REQUIRED ACTION> Please return the full listing word for word, leaving out any pictures.

MATERIAL PROVIDED>
.....

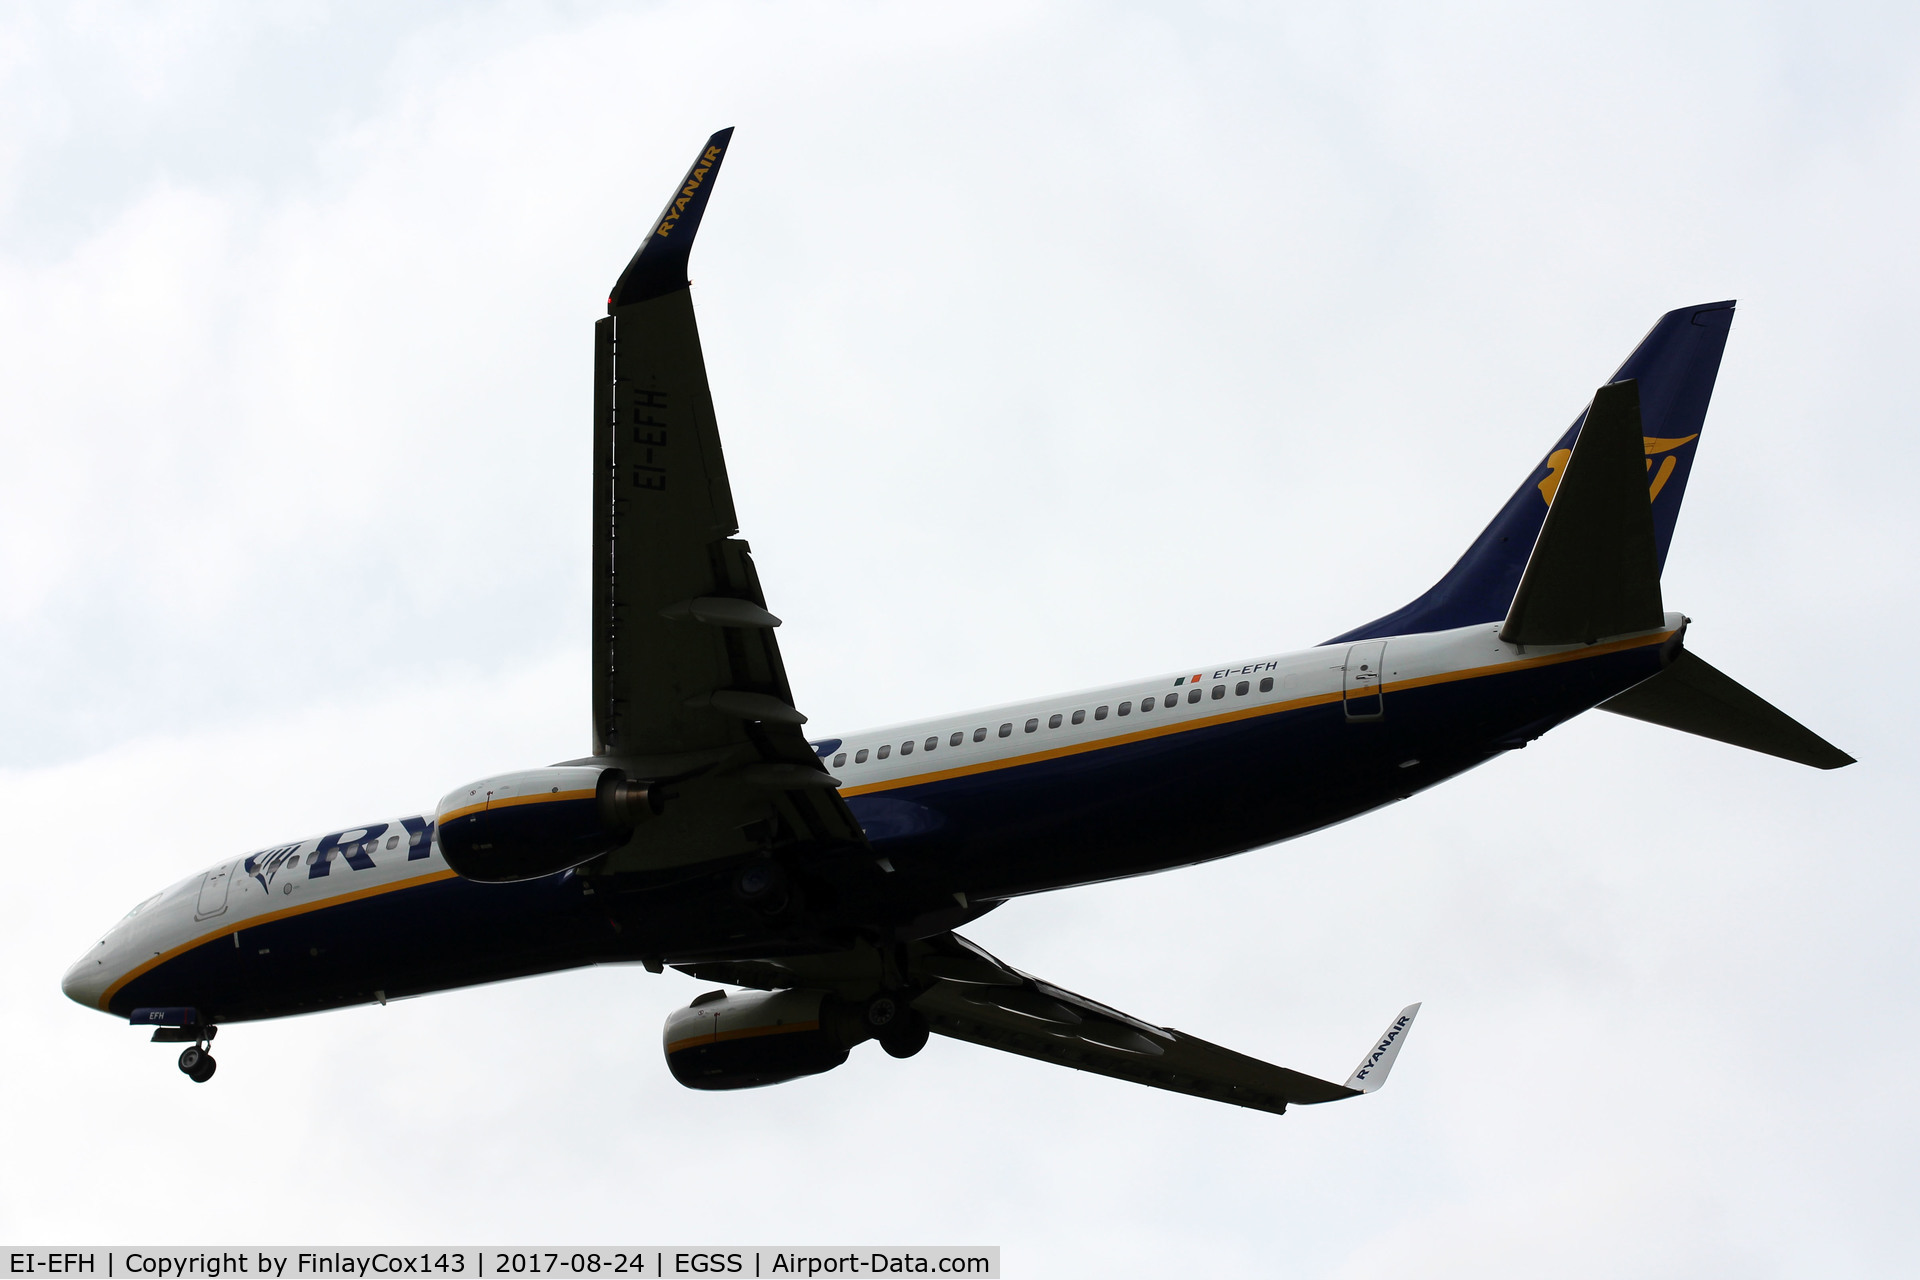 EI-EFH, 2009 Boeing 737-8AS C/N 35012, Landing at London Stansted (STN) from Carcassonne (CCF) as FR75
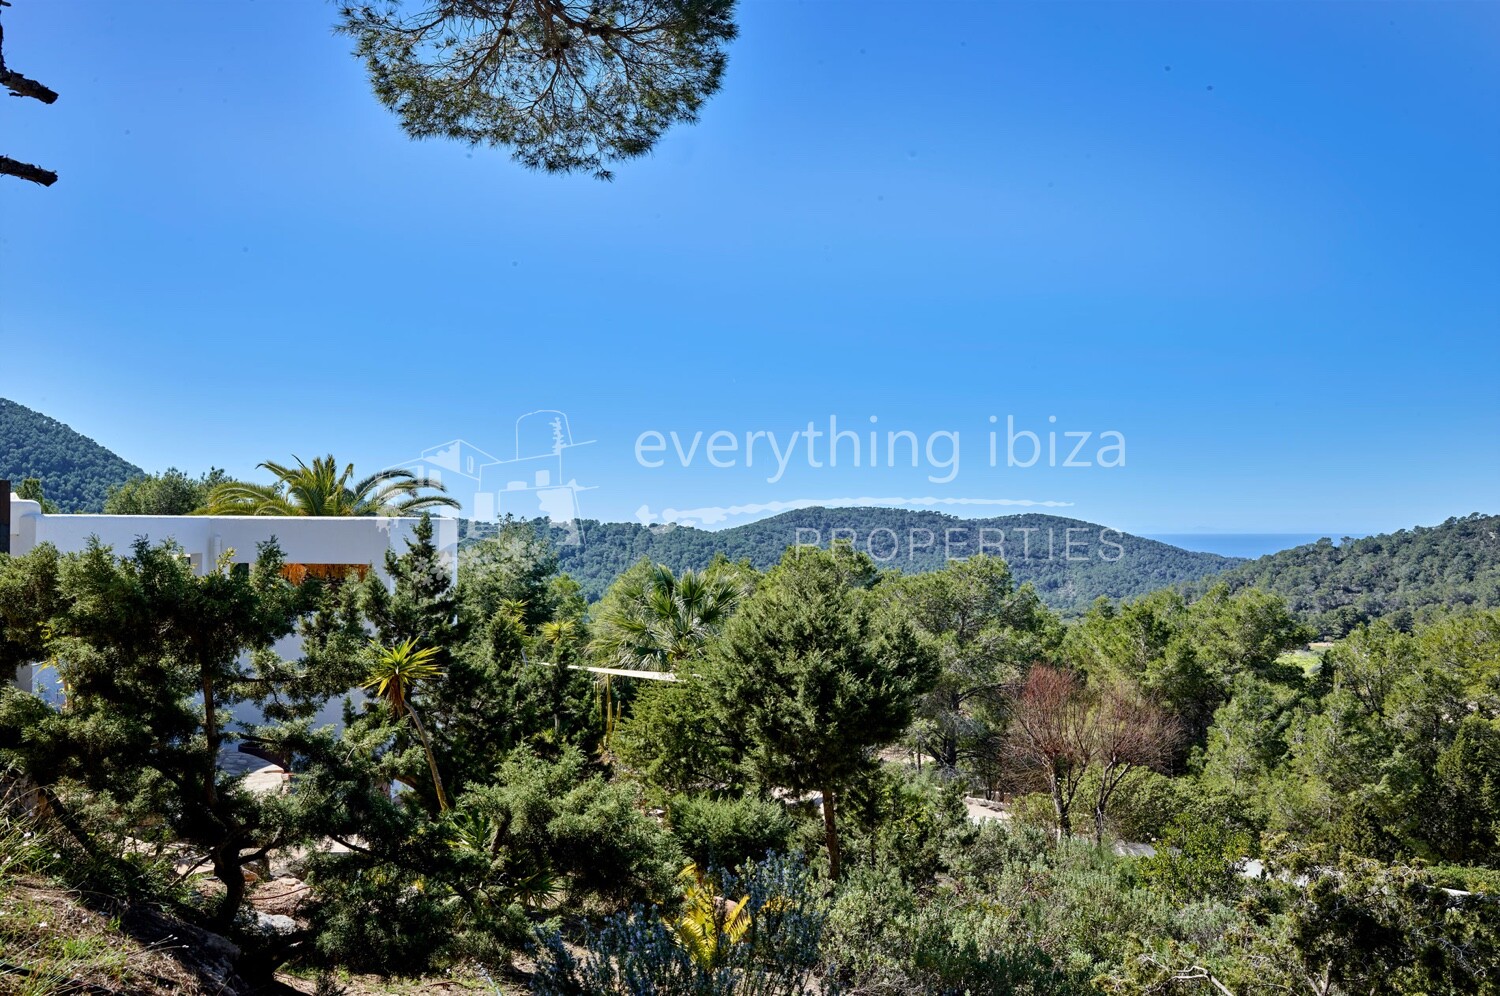 Elegant Detached Villa with Guest House & Super Views, ref. 1632, for sale in Ibiza by everything ibiza Properties
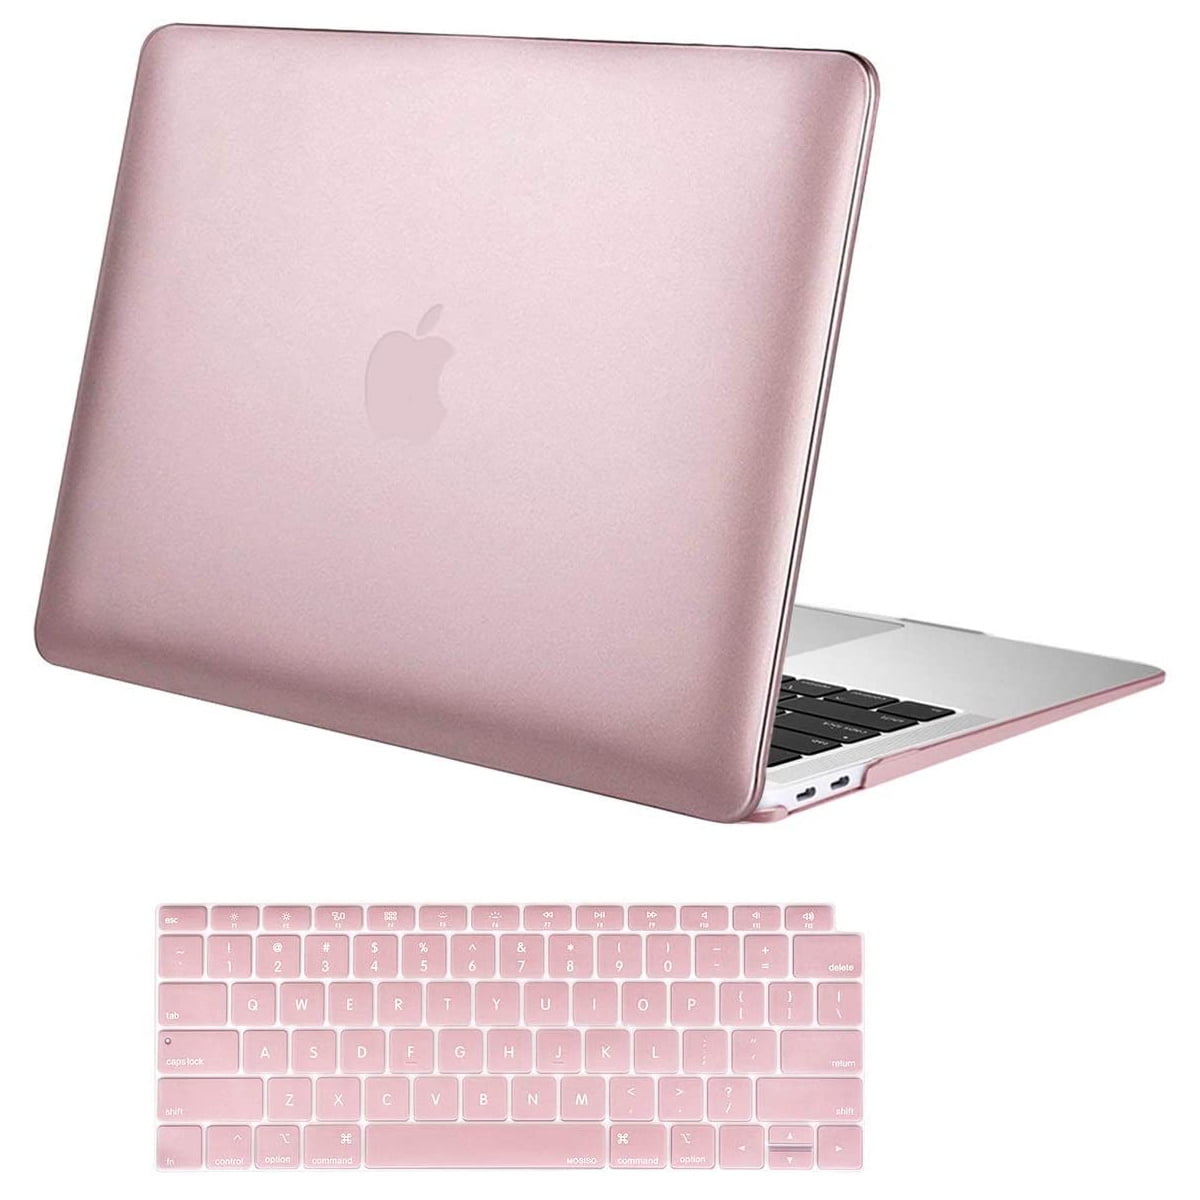 Plastic Peony Hard Shell & Keyboard Cover & Screen Protector & Storage Bag Green MOSISO Compatible with MacBook Air 13 inch Case 2020 2019 2018 Release A2337 M1 A2179 A1932 Retina Display Touch ID

.....

EXERCISE ANSWER>
 EI-EFH, 2009 Boeing 737-8AS C/N 35012, Landing at London Stansted (STN) from Carcassonne (CCF) as FR75
 Elegant Detached Villa with Guest House & Super Views, ref. 1632, for sale in Ibiza by everything ibiza Properties
 Plastic Peony Hard Shell & Keyboard Cover & Screen Protector & Storage Bag Green MOSISO Compatible with MacBook Air 13 inch Case 2020 2019 2018 Release A2337 M1 A2179 A1932 Retina Display Touch ID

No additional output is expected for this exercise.